それなのに、過去一シリアスな回なのごめんなさい!!
※残酷な描写タグが効きまくってる回になります、ご注意下さい
「煌ちゃんだっけ? 琴上手いね!」
「えへへ! ありがとう!」
あれは3年前……小さい頃から習っていた琴
その腕を買われたのか、私は中学の和楽器クラブに入部する事になったのだった
「今日から入部することになった高松煌です、よろしくお願いします!」
「部長の松原舞音です、よろしくね。」
部長の松原先輩は水色の髪の毛をしており、一見女の子のような風貌の男の先輩だった
ちなみに、担当は和太鼓らしい
「それじゃあ、まずは先輩たちの腕前披露といこうか。」
そこから当時3年生の先輩たちによる、自分たちの練習した曲が披露された
よくテレビで聴いていたCM曲だったけど、和のアレンジが効いていて素晴らしいなと感じたのを覚えている
「高松さんも参加してみる?」
「え、いいんですか?」
「勿論だよ、榎戸さん、琴を代わってくれるかい?」
「……はい。
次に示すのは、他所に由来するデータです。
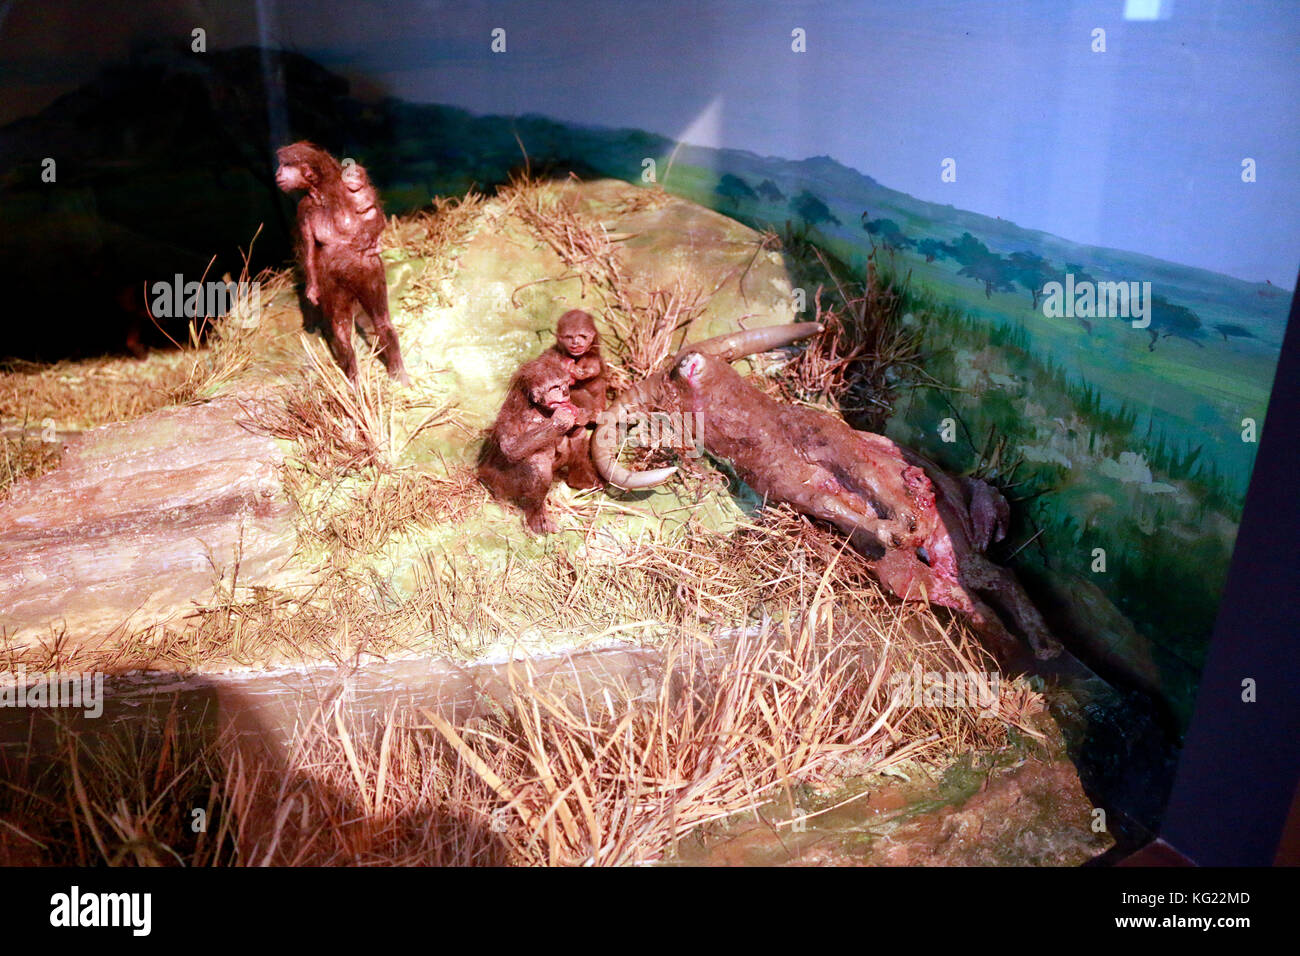 Menschen der steinzeit, evtl. neandertaler, Berlino. Foto Stock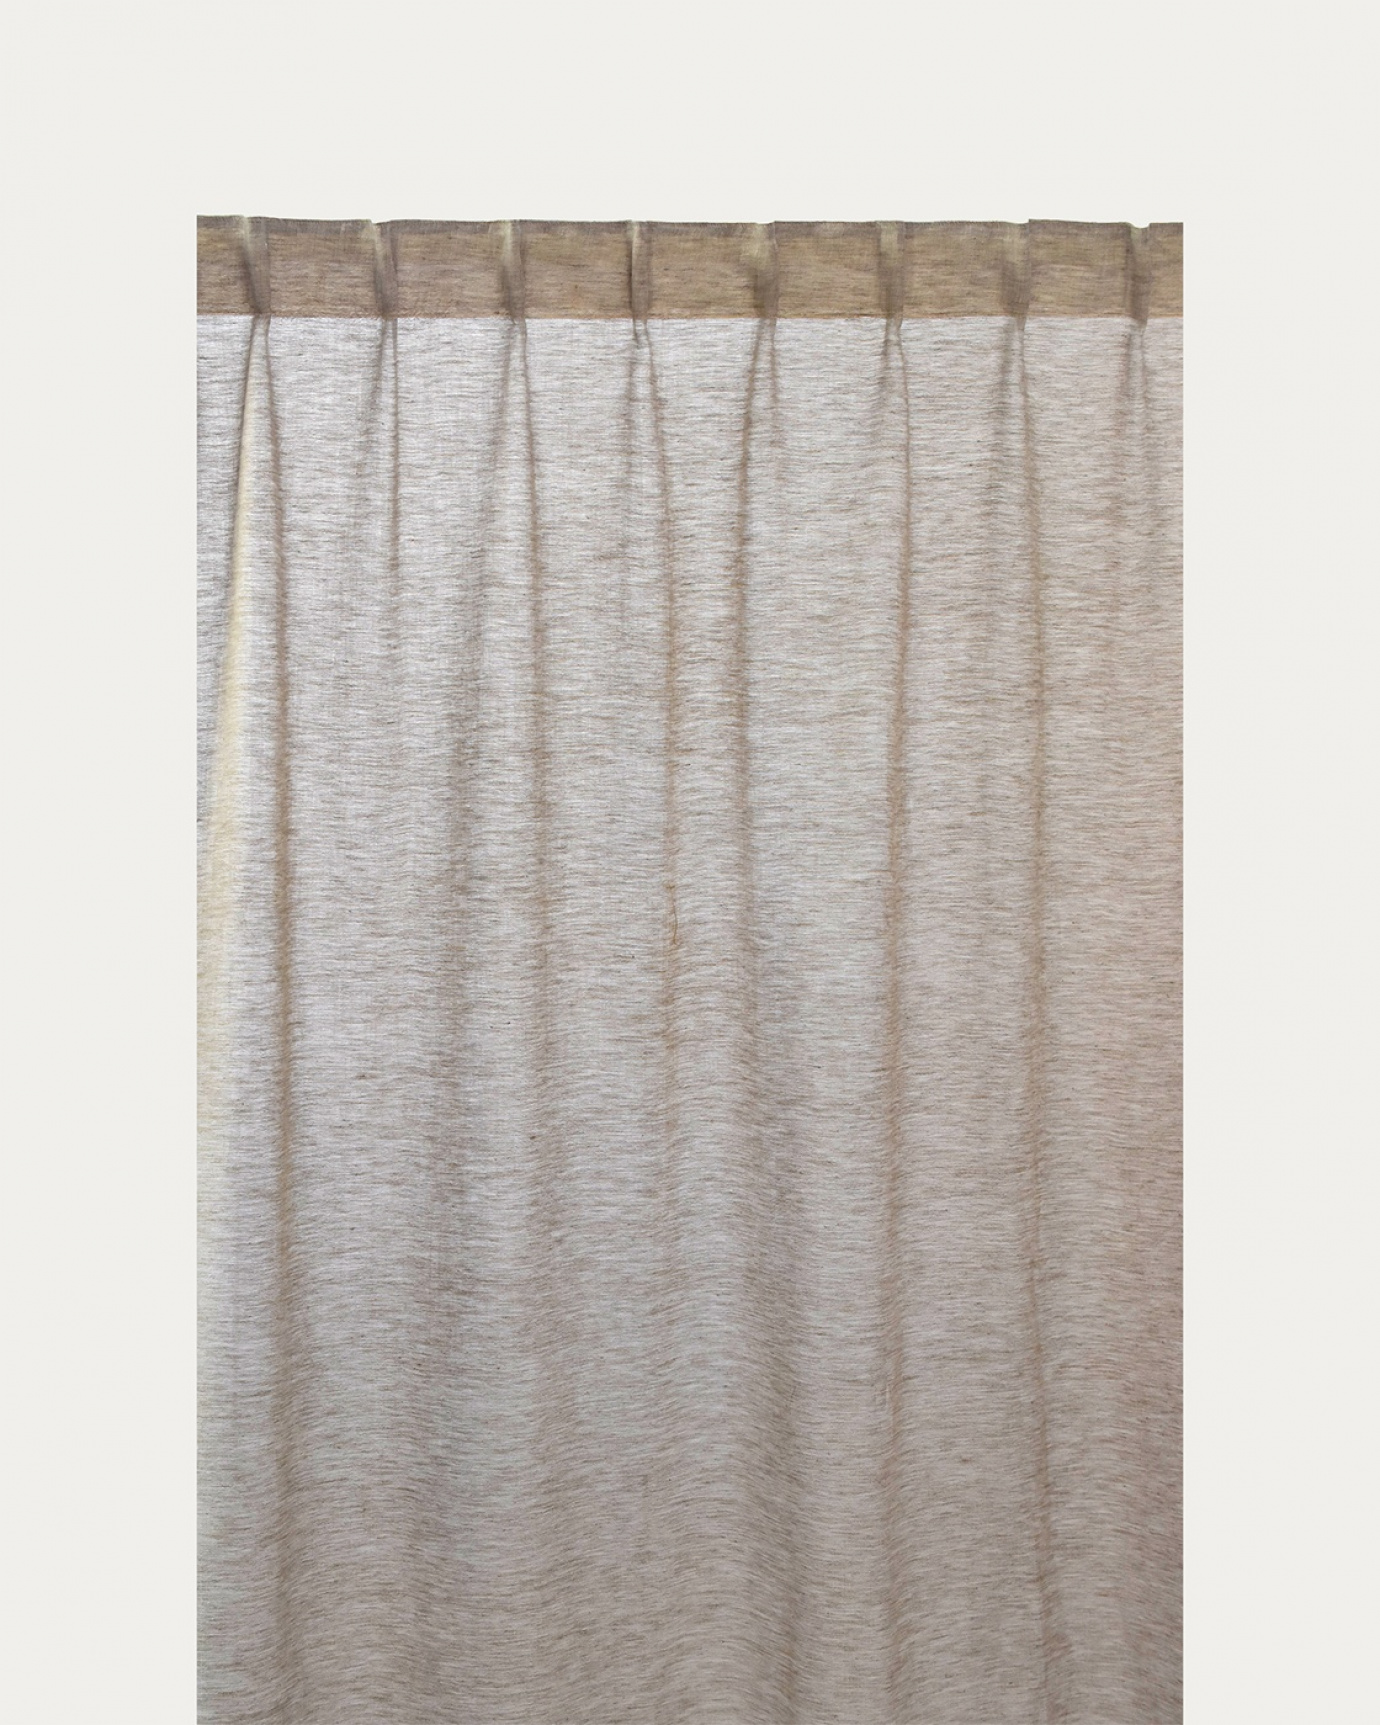 Produktbild mullvadsbrun INTERMEZZO gardin av skirt linne med färdiga veckband från LINUM DESIGN. Storlek 140x290 cm och säljs i 2-pack.

」
先程まで琴に触れていた、2年生の榎戸先輩が少し間の置いた返事をして、私と代わった
どうかしたのだろうか?
私はあまり気に留めず、先程の曲を琴で弾いてみせた
「凄い! 入ったばかりなのに綺麗な音だ! 良かったら次の大会予選、琴を弾いてくれないかな!?」
「えっ……!?」
まだ入ったばかりなのに、近々やってくる大会の演奏メンバーとして部長は私を推薦した
それが、ある意味私の悪魔の始まりだったように思えた……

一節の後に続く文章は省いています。